ACTIVITY: Restate the listing word for word; omit the images.
-------- DATASET SECTION --------
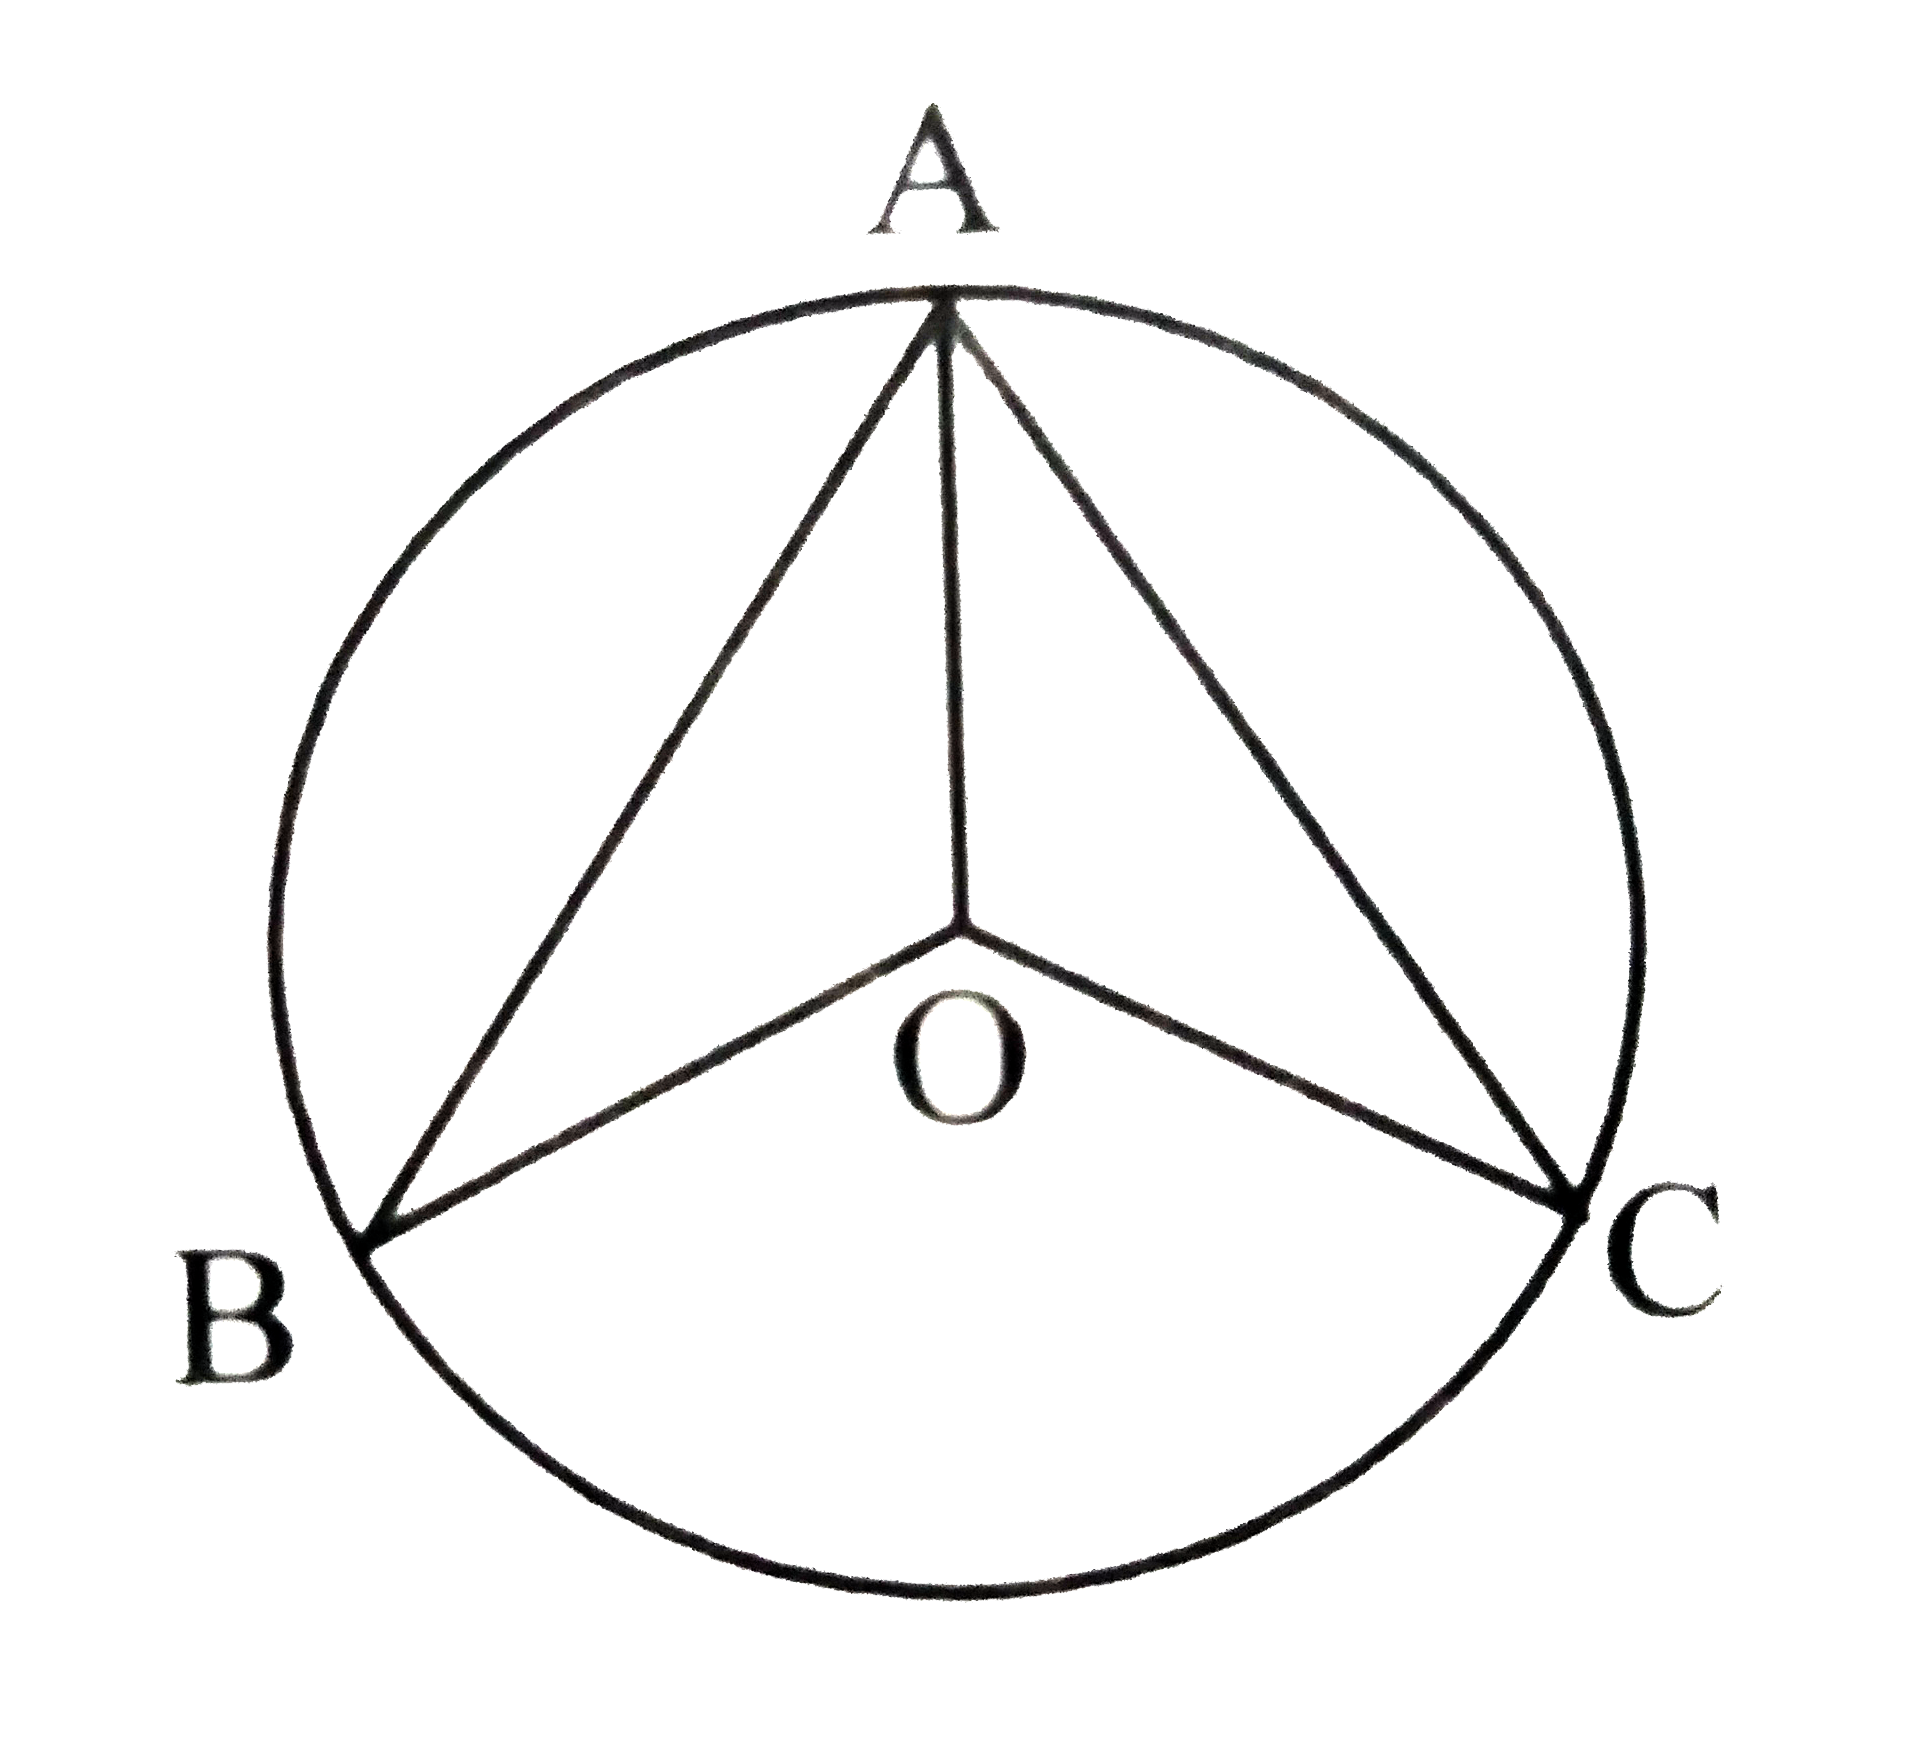 In the adjoining figure, A,B and C are three points on a circle with centre O such that mangleAOB=110^@, mangleAOC=120^@. Find mangleBAC.
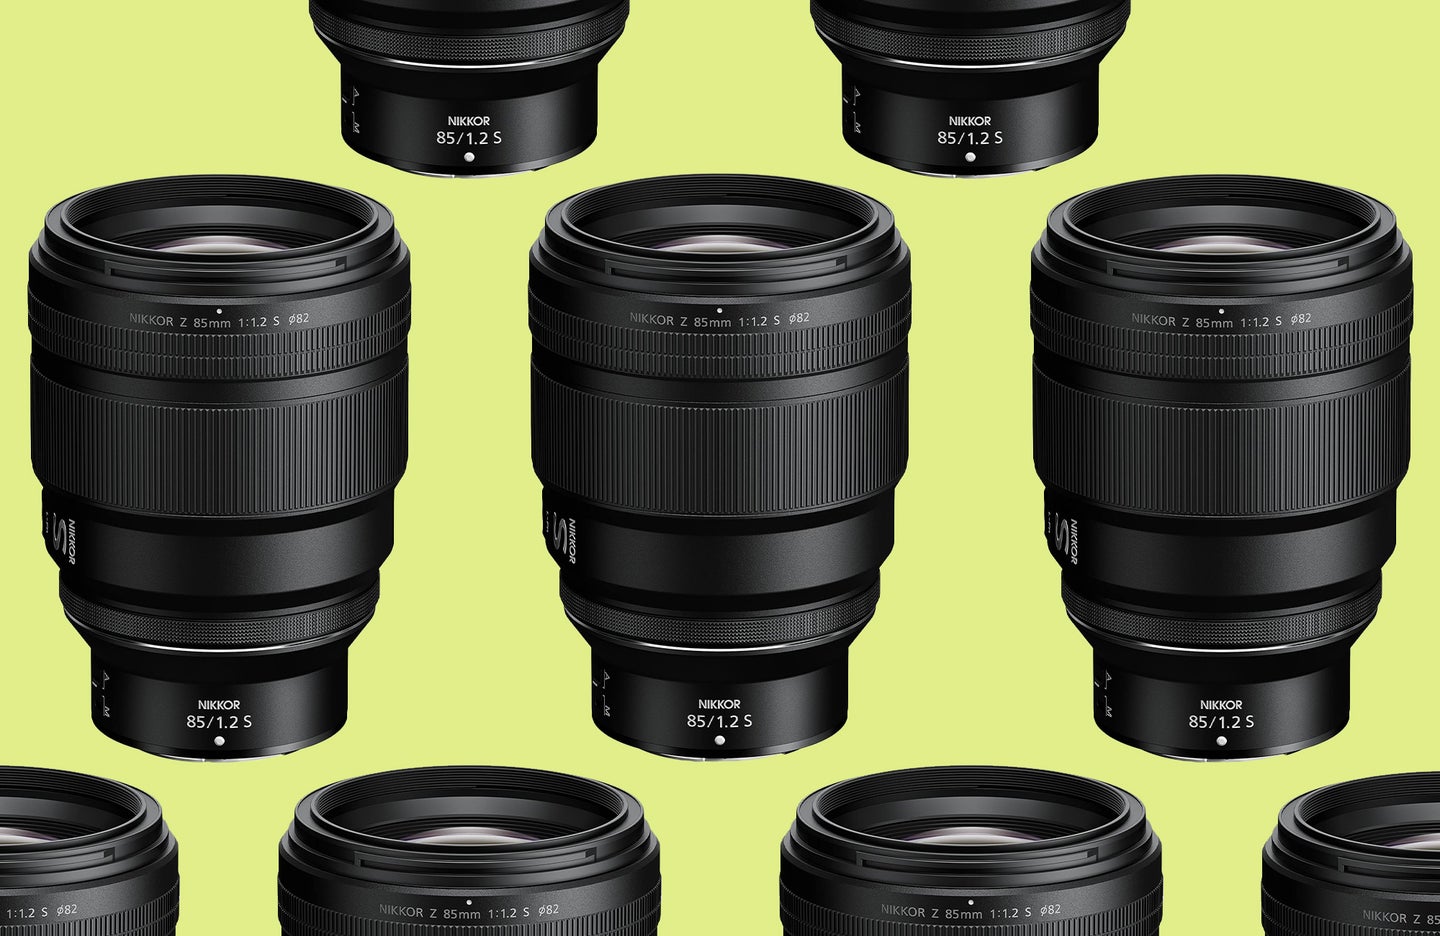 The Nikon 85mm f/1.2 S repeated 9 times against a light green background
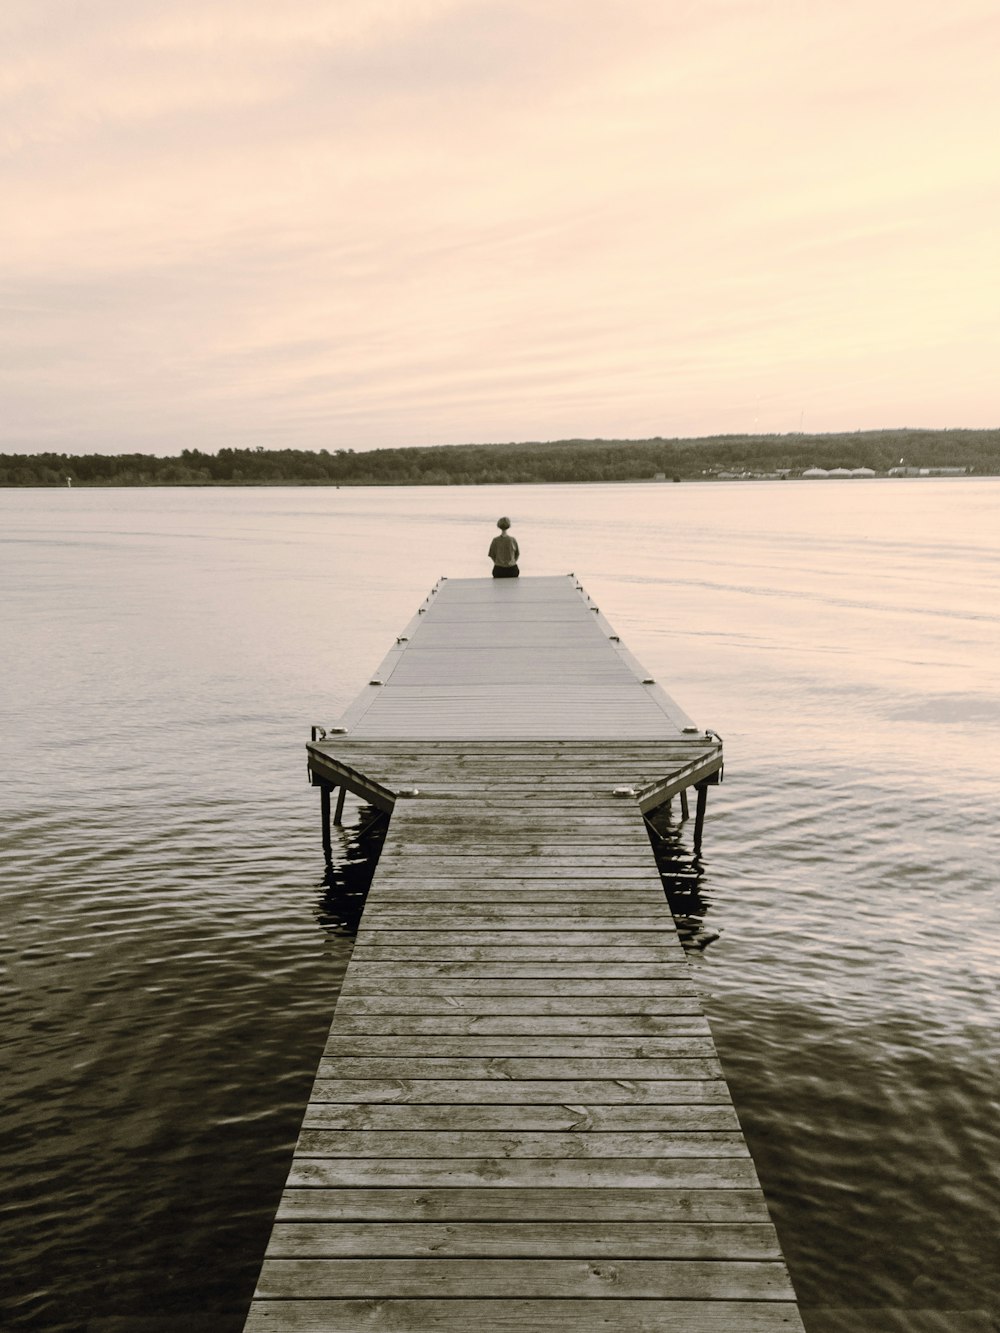 a long dock extending into a body of water
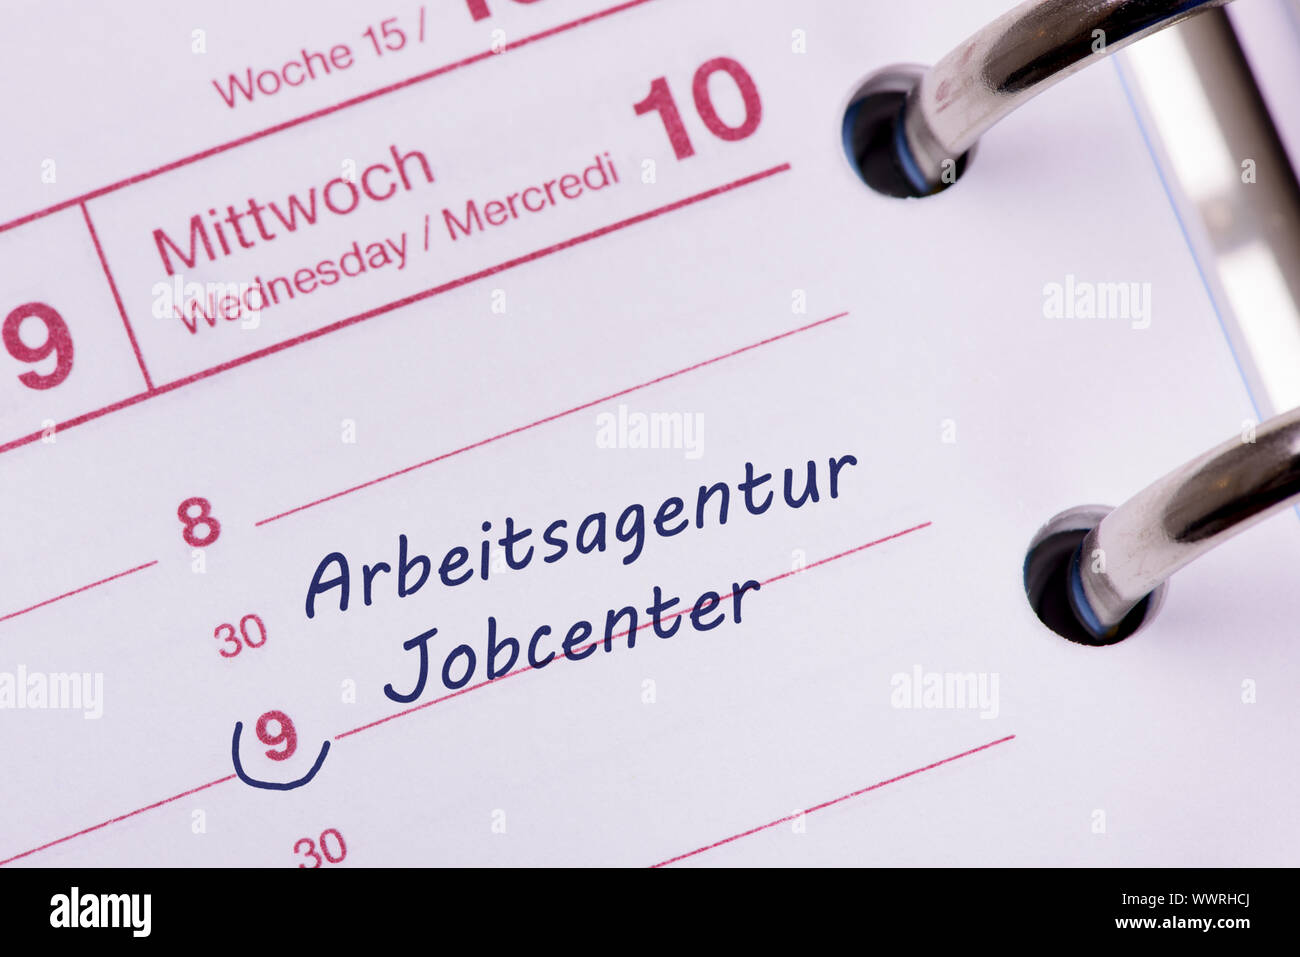 Appointment calendar with entry for employment agency and job centre Stock Photo
--------
ANSWER TO THIS TASK:
 In the adjoining figure, A,B and C are three points on a circle with centre O such that mangleAOB=110^@, mangleAOC=120^@. Find mangleBAC.
 The Nikon 85mm f/1.2 S repeated 9 times against a light green background
 a long dock extending into a body of water
 Appointment calendar with entry for employment agency and job centre Stock Photo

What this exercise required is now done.